Barry Price, the architect the Sterns consulted about making updates to their rustic retreat, remembers things differently. “They were looking to make the house work as a full-time home, and they wanted an addition,” says Price, who earned his degree from Harvard University Graduate School of Design in 1989 and landed in Woodstock because his wife, April, was born there. Most of his work is modernist, like the glass-walled masterpiece near Hudson that won the 2006 American Institute of Architects Westchester/Mid-Hudson Honor Award. But there was something about the beauty and character of this old dairy barn — “a linear space with a curved roof” — that spoke to him.

At their first meeting, Virginia showed him the dark, hushed hayloft on the second floor. It was packed with a dragon’s cave of treasure, including three households’ worth from two sets of parents since passed on, plus the Stern’s overflow from their city home. Still, Price could see its potential. “You walk in and it’s breathtaking,” he says. “It’s a cathedral space.”

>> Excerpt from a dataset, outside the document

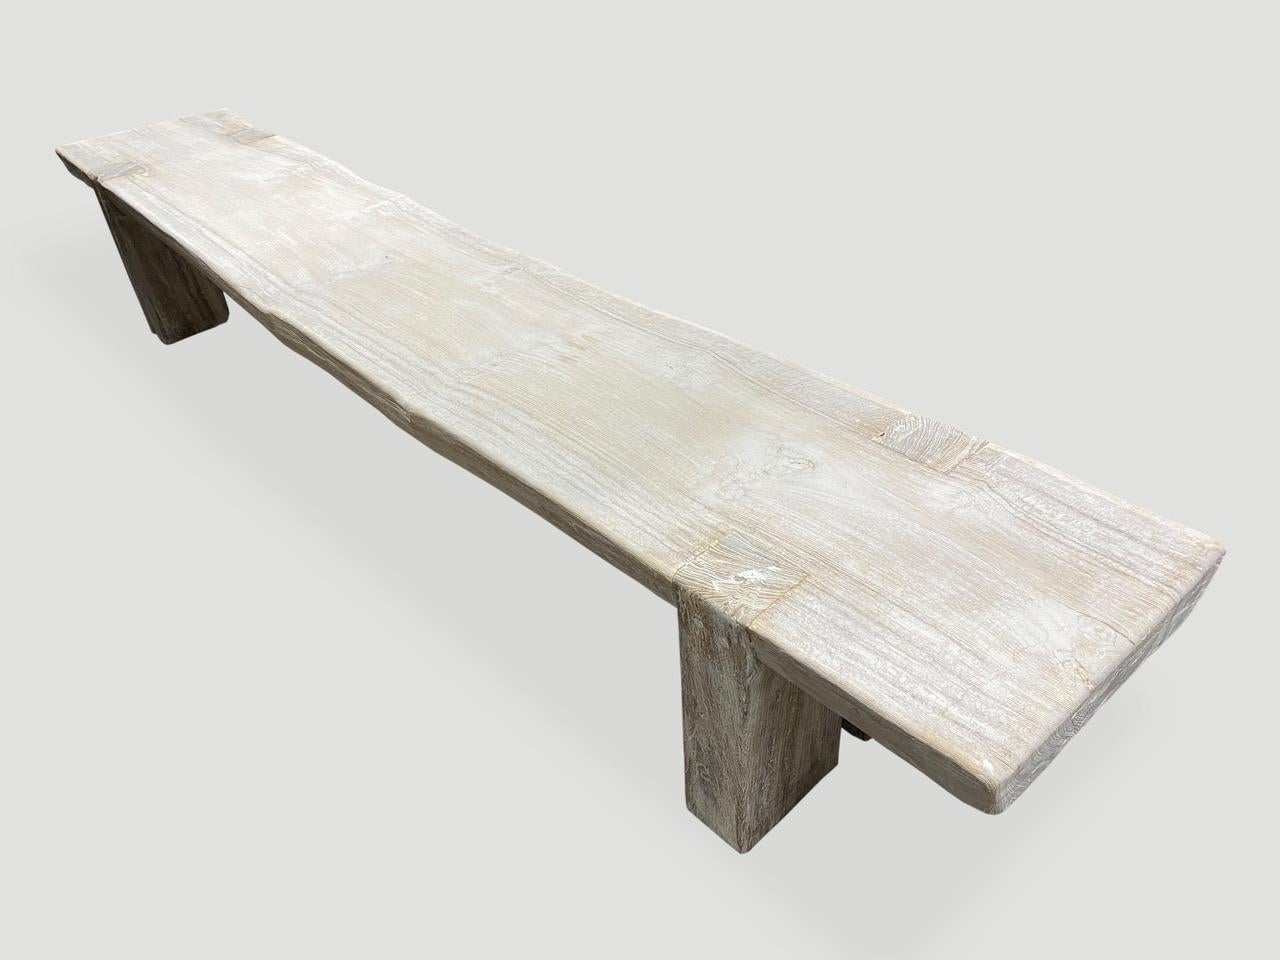 Impressive single 3.5” thick slab, reclaimed teak wood bench. We added the legs, bleached the wood and then finished with a light white wash exposing the beautiful grain of this aged teak wood bench.

The St. Barts Collection features an exciting

Virginia, who spins and weaves as a hobby, confessed it was her favorite place in the house. Price told her, “If this is your favorite place, it should be your studio.” And with that, she was won. “He just felt like the right person — his temperament, his pace, the way we would discuss things,” says Virginia. She and Mark wanted the house to be a place their three grown children and their families could come to for the holidays. “It wouldn’t matter how many people came, there would be room for everyone,” says Virginia. They thought a small barn out back would be perfect for a home office.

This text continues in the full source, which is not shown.